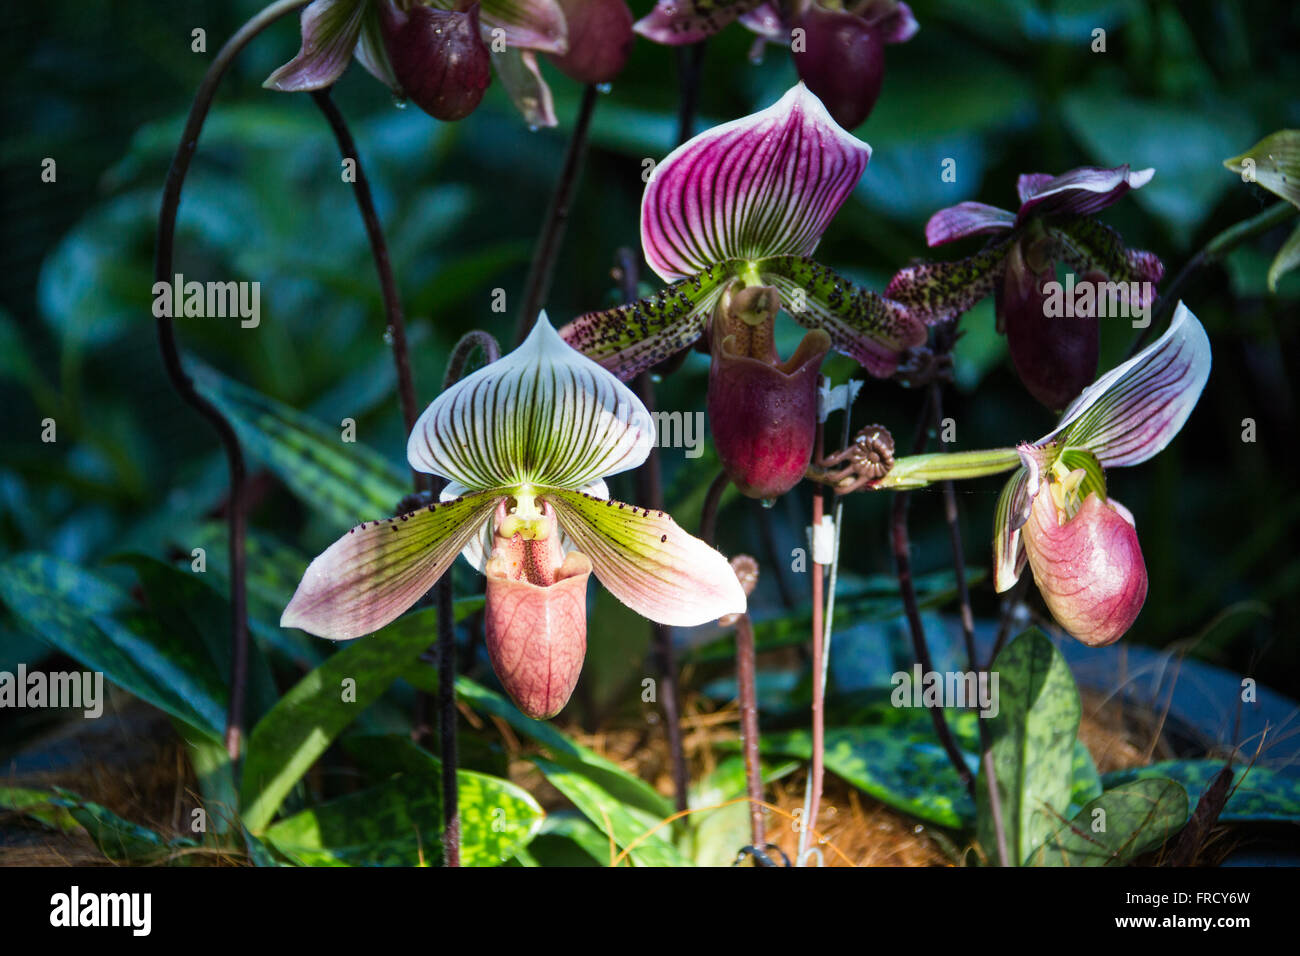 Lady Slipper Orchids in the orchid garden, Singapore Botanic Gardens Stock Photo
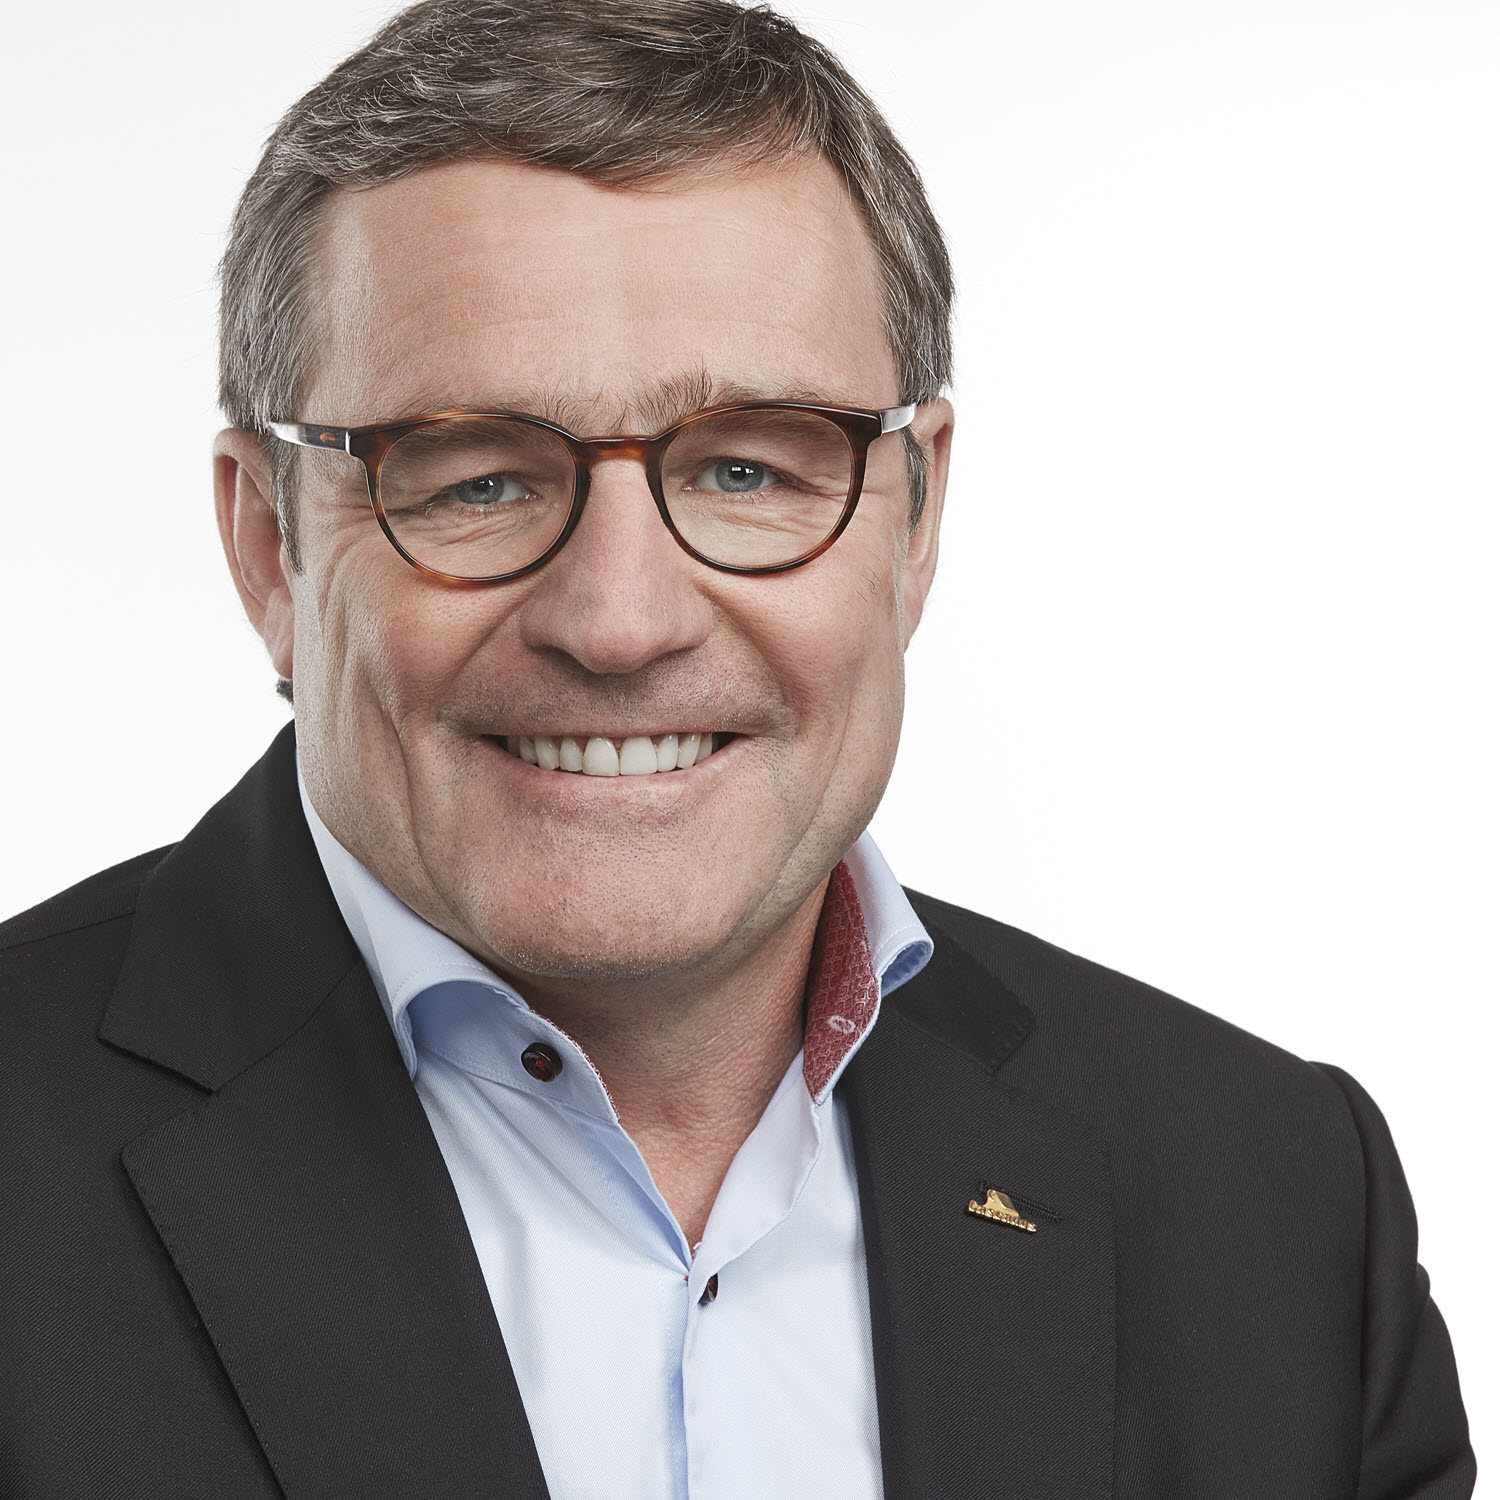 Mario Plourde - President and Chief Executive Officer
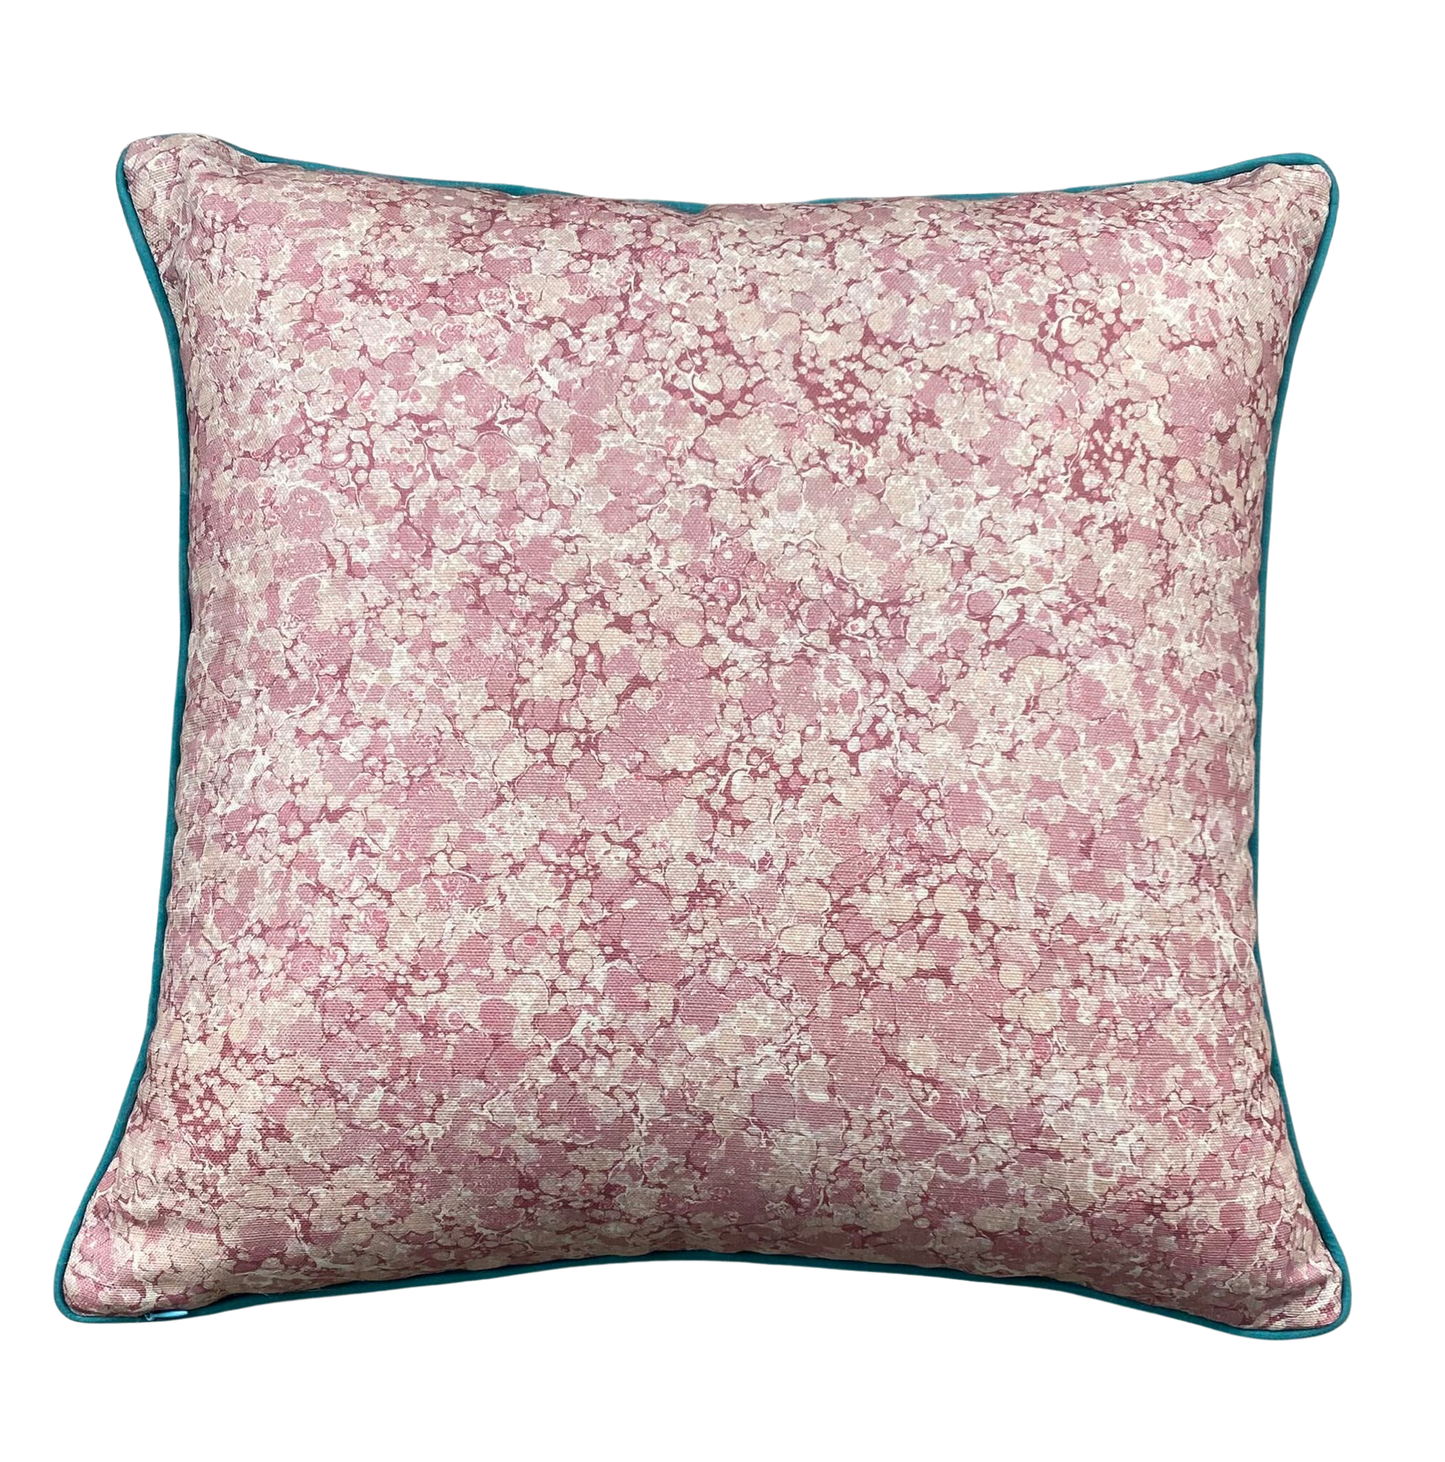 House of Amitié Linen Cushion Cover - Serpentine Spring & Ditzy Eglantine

--- --- ---

From the first line to the last, retype the data exactly, but omit every image.

 Lady Slipper Orchids in the orchid garden, Singapore Botanic Gardens Stock Photo
 Mario Plourde - President and Chief Executive Officer
 House of Amitié Linen Cushion Cover - Serpentine Spring & Ditzy Eglantine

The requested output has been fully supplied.